Webcomic Wednesday #41 - Epic Tales of the Mundane by Brad Dwyer
where you always draw yourself thinner.
(more hot comic action every week @razorcake.org!)
Son of a…..What a dick. The other guy that is, I love Brad.
Let me actually tell you about this goddamn doctor’s office: I knew my insurance would be running out soon, so I knew I needed to squeeze in a checkup as soon as possible. I hadn’t gone for a checkup in literally years, and so I had a list of things to ask about.
First off, I’m waiting in this room with paper thin walls so I can hear all the nurses outside gabbing about how hot they think the Rock is. Okay, fair enough, but slightly nerve-racking since I know I’m about to have conversations with the doctor about like MY BODY and stuff, and so I’m more nervous than I should be, and that was BEFORE the doctor finally came in and straight-up left the door open and asked me what was up.

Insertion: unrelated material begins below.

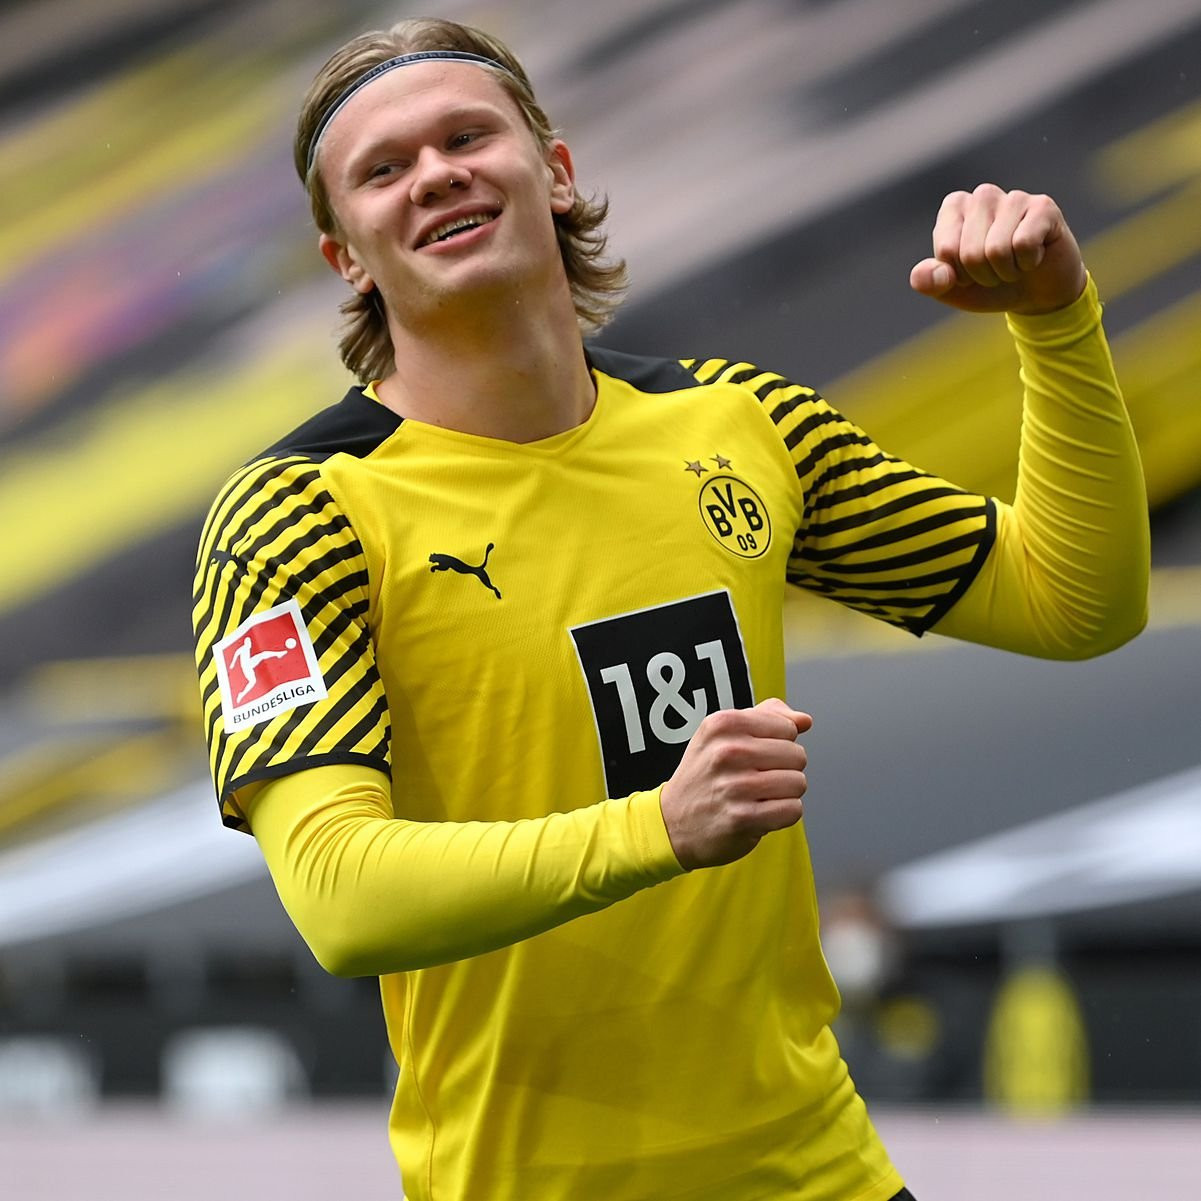 Chelsea reportedly agree personal terms with Borussia Dortmund forward Erling Haaland

So, okay, I feel like you guys probably know I’m not so great in weird social situations, right? I’ve probably made this clear by now? I very. VERY nervously asked the doctor if the door should maybe be shut maybe for the physical? And, without looking, he tells me the door IS closed. It’s not. It’s, like, it’s not WIDE OPEN, you know. But it’s ajar. And I happen to KNOW how much sound travels from where I’m sitting to the nurses station even with the door closed completely. But he tells me it’s closed and… It’s this thing, I didn’t want to have to even ASK about it in the first place, that made me nervous and uncomfortable, so I SUPER DUPER do not wanna have a fucking argument about it. But I say, “No, it’s, it’s actually still open a little.” And the doctor super weirdly looks to the door, and turns back, “It’s fine, no one can hear you.”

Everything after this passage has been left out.